**Goal of the exercise**
Your copy should match the records below word for word and contain no pictures.

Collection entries
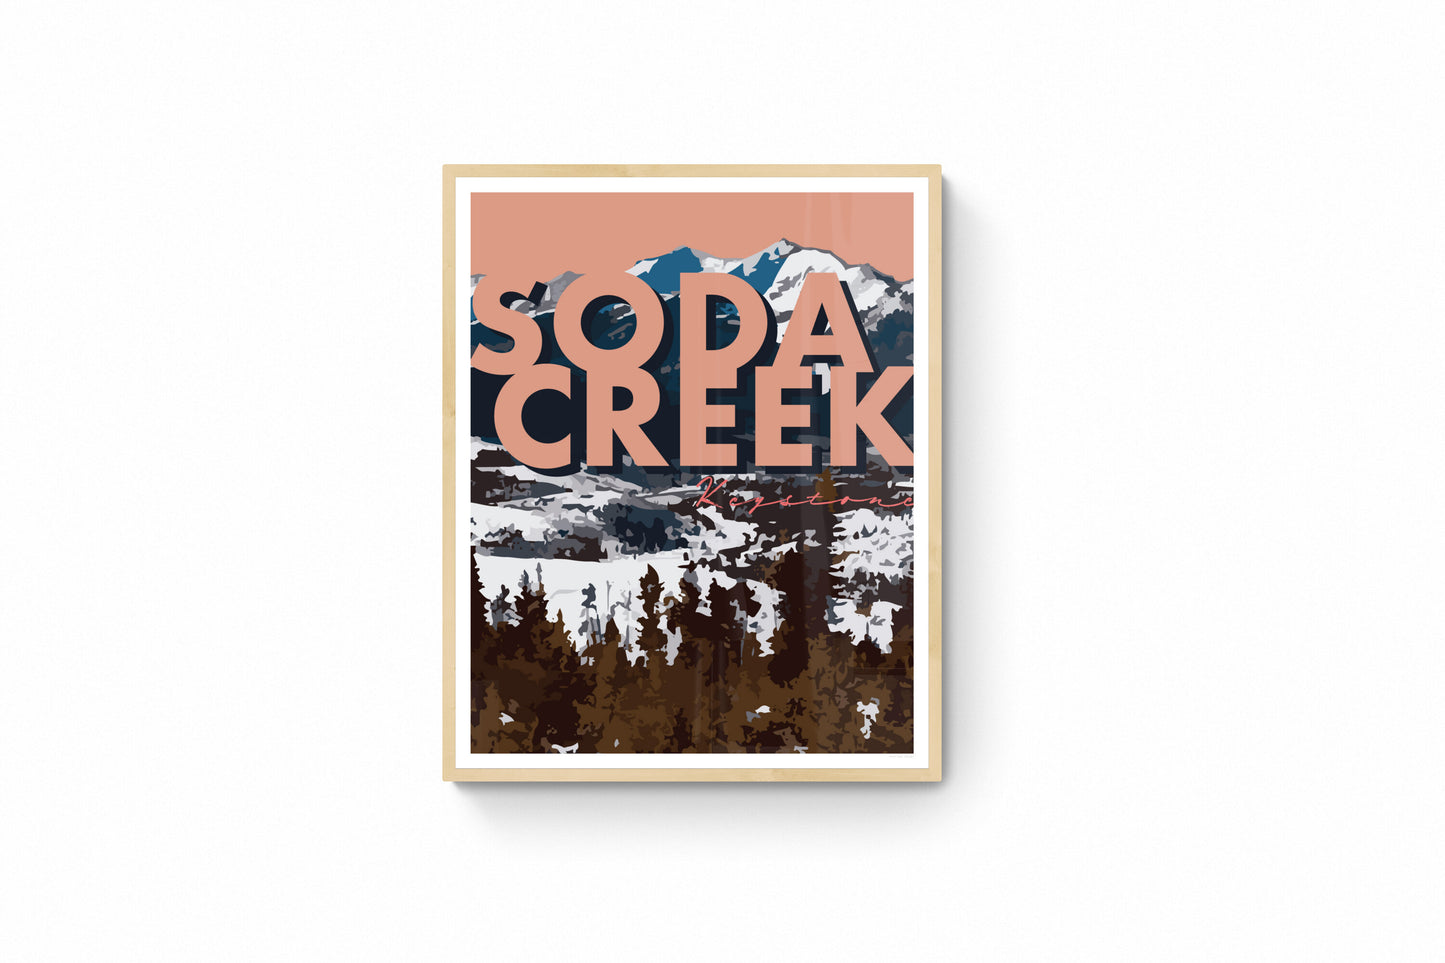 Keystone, Colorado - Soda Creek (Dusty Rose), Framed Wall Art w/ Large Text, 14x11
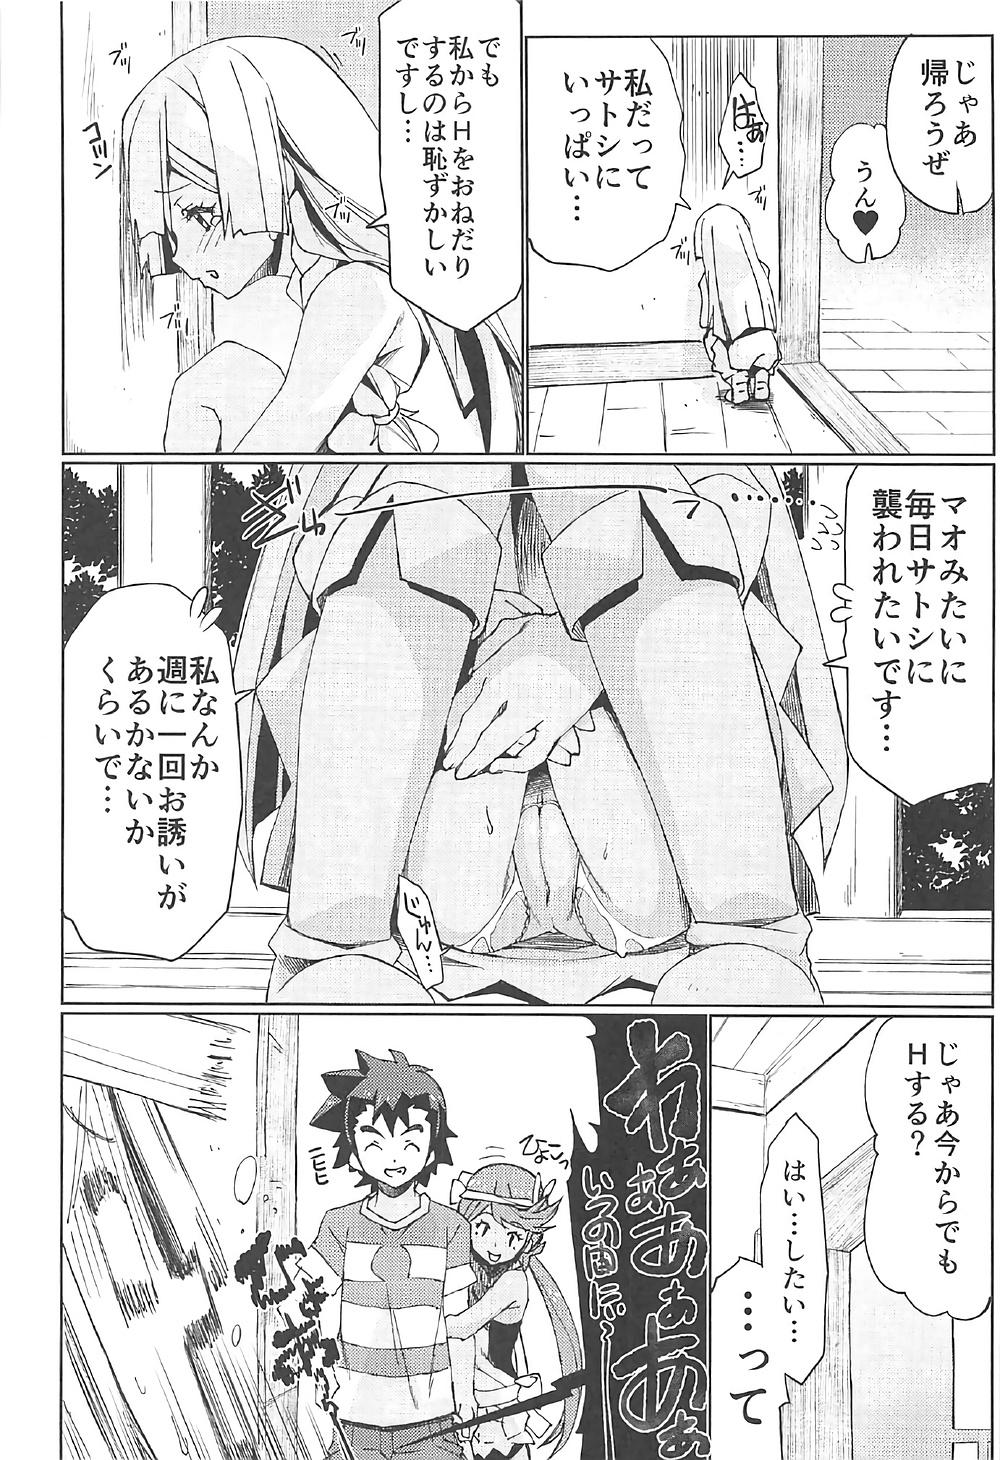 Asian Watashi ga sono Ki ni nareba Ronriteki ni! 2!! - Pokemon Best Blow Job Ever - Page 9
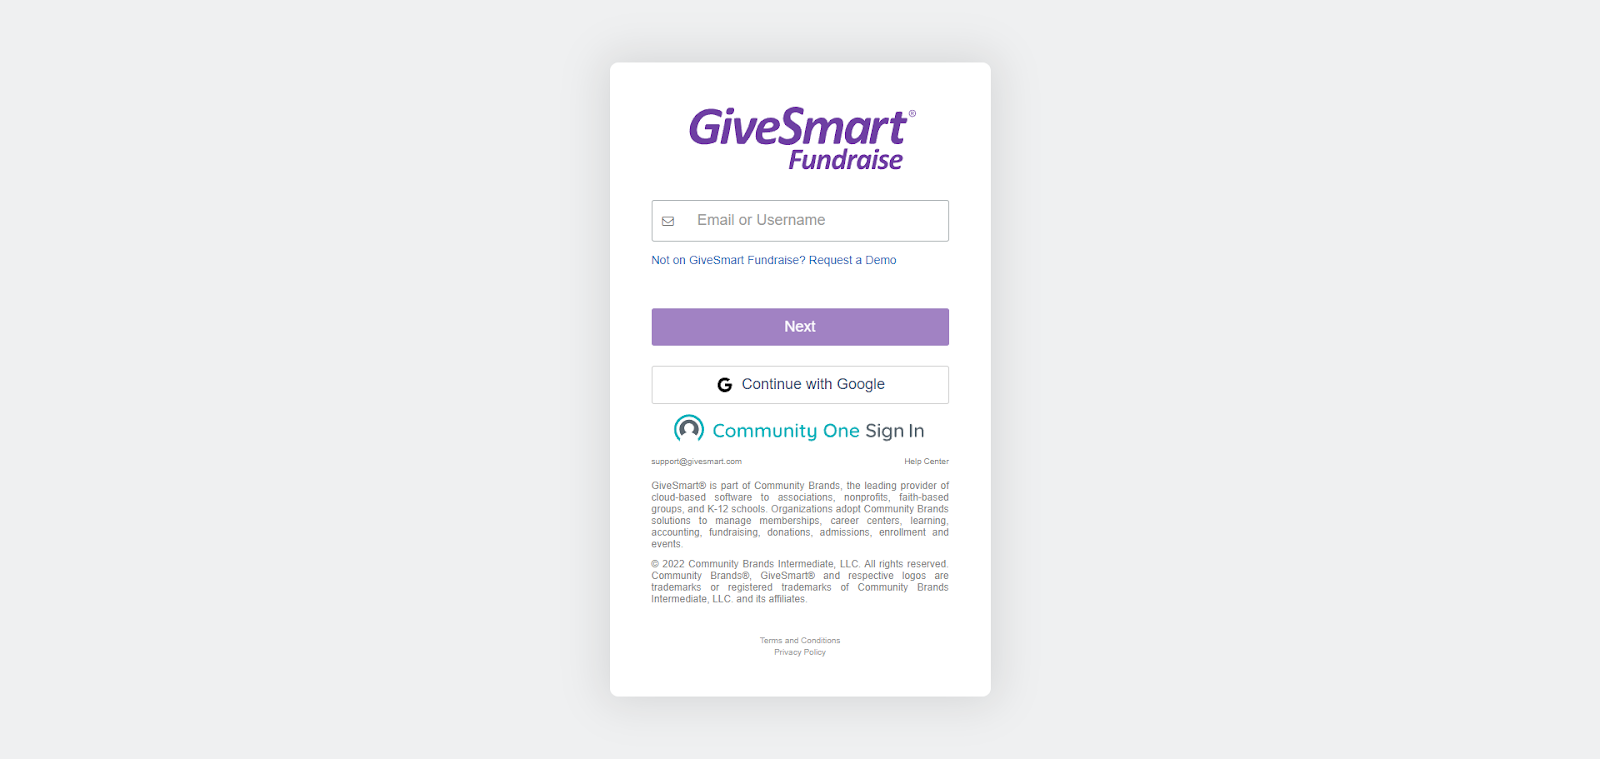 A screenshot of GiveSmart's website
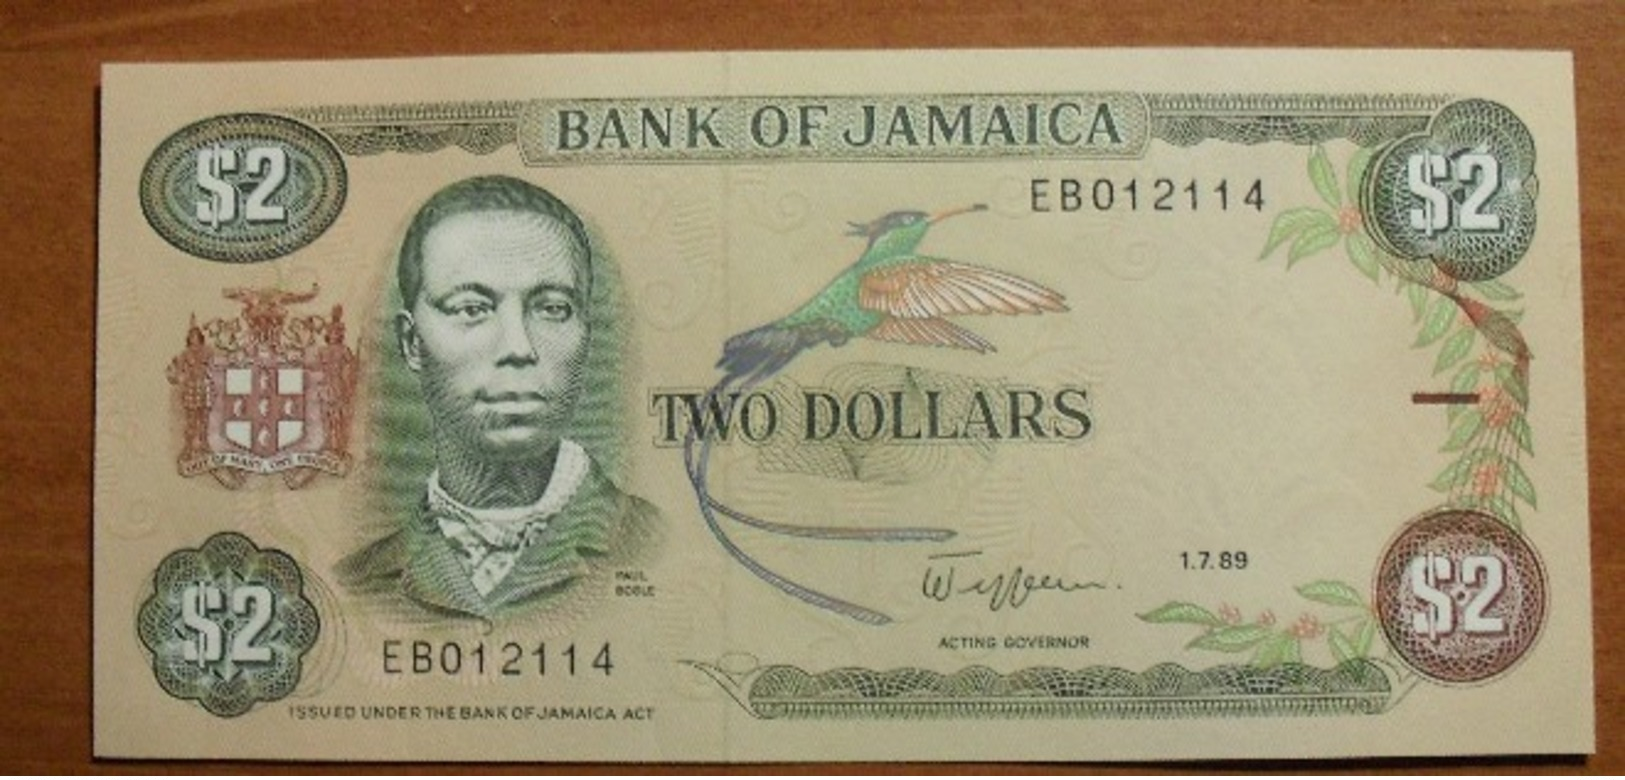 1989 - Jamaique - Jamaica - TWO DOLLARS, Paul Bogle, 1.7.89, EB012114 - Jamaique
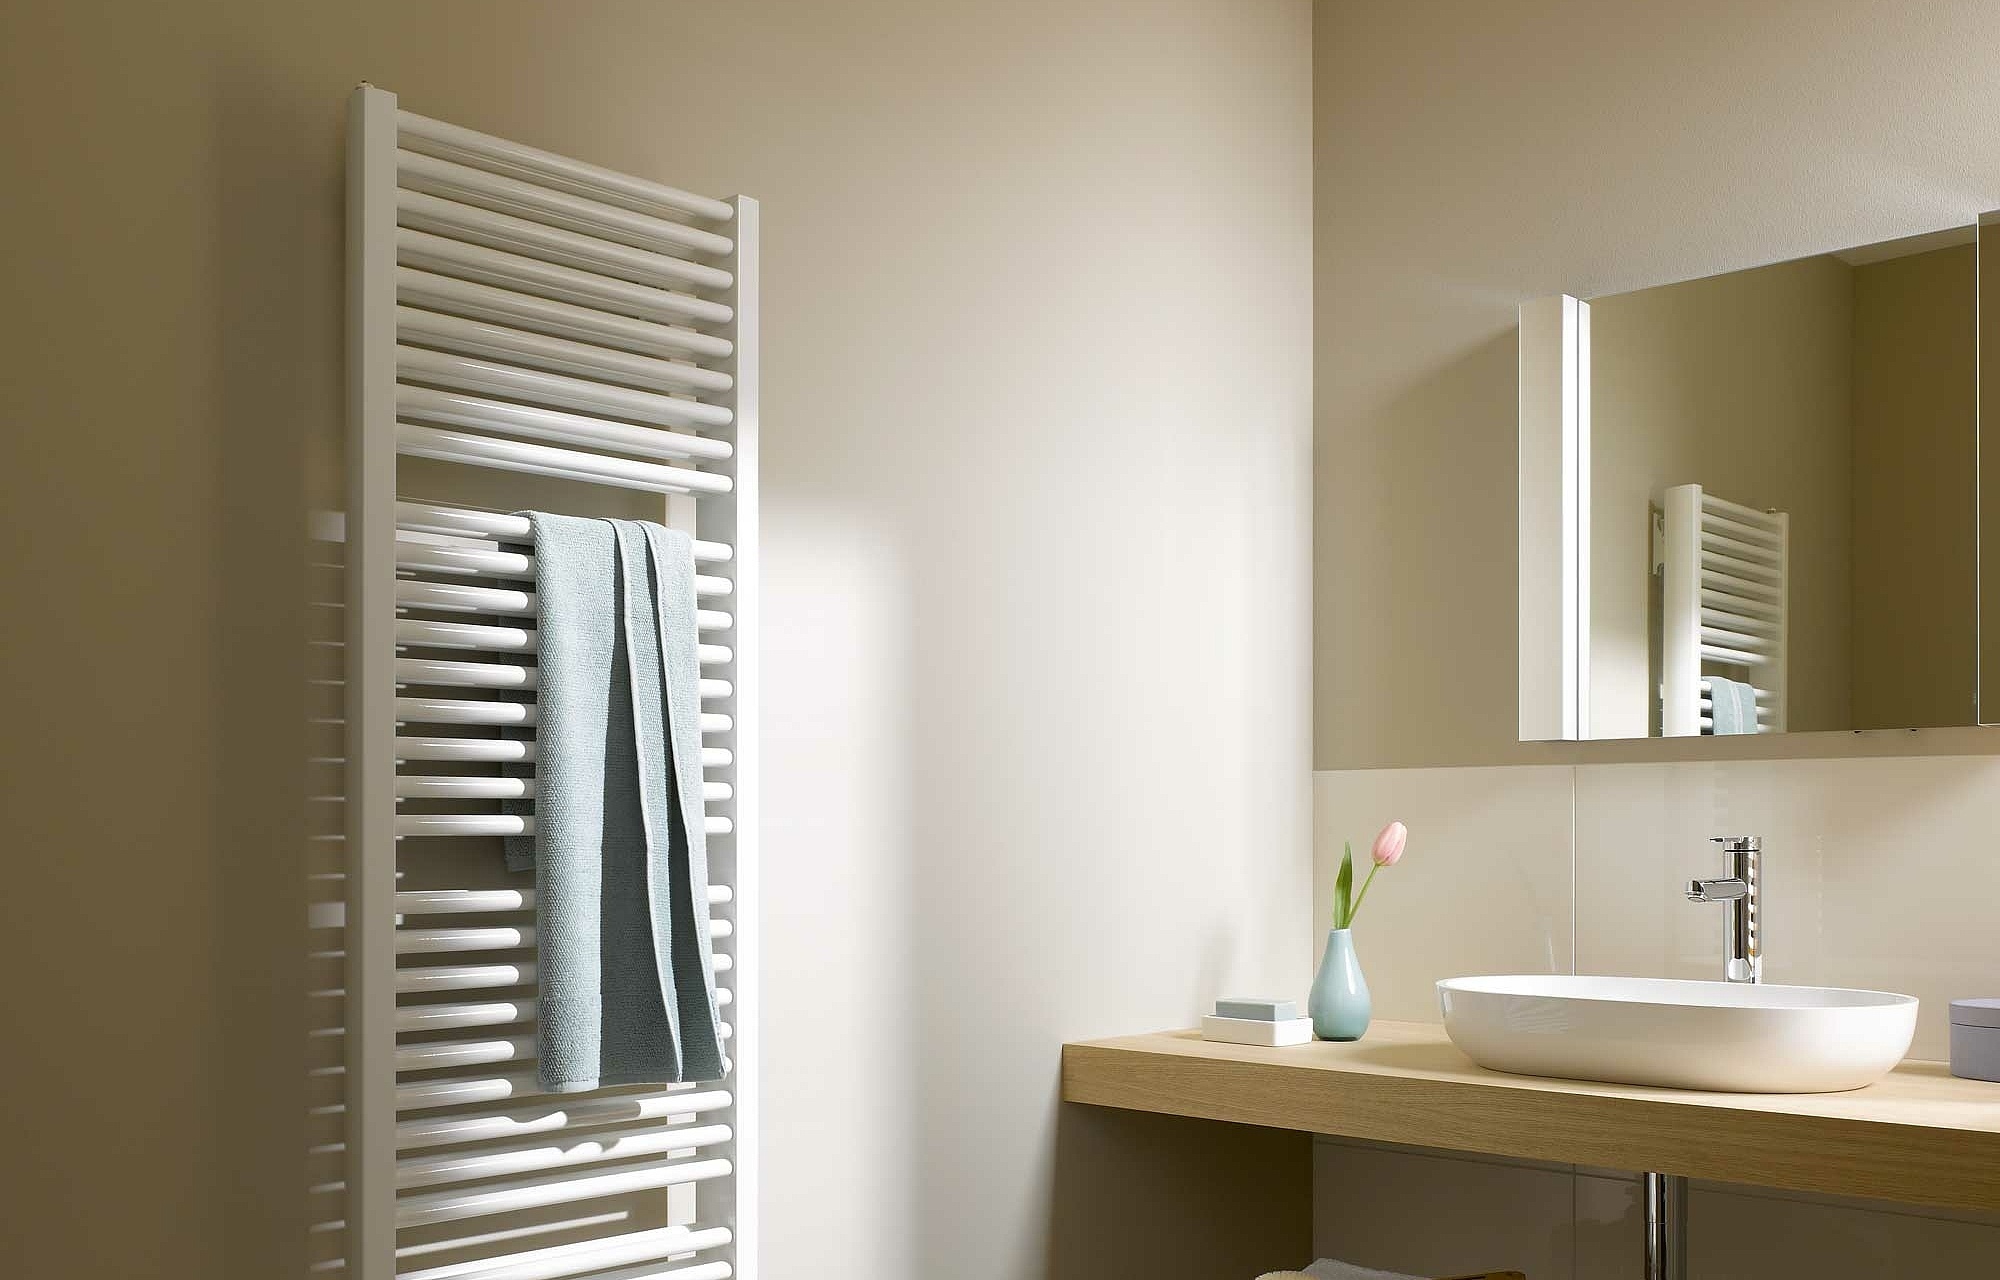 Il radiatore da bagno e di design Kermi Duett offre un'ampia gamma di dimensioni e numerose opzioni cromatiche.

**Reply to the exercise**
 Keystone, Colorado - Soda Creek (Dusty Rose), Framed Wall Art w/ Large Text, 14x11
 Asian Watashi ga sono Ki ni nareba Ronriteki ni! 2!! - Pokemon Best Blow Job Ever - Page 9
 A screenshot of GiveSmart's website
 1989 - Jamaique - Jamaica - TWO DOLLARS, Paul Bogle, 1.7.89, EB012114 - Jamaique
 Il radiatore da bagno e di design Kermi Duett offre un'ampia gamma di dimensioni e numerose opzioni cromatiche.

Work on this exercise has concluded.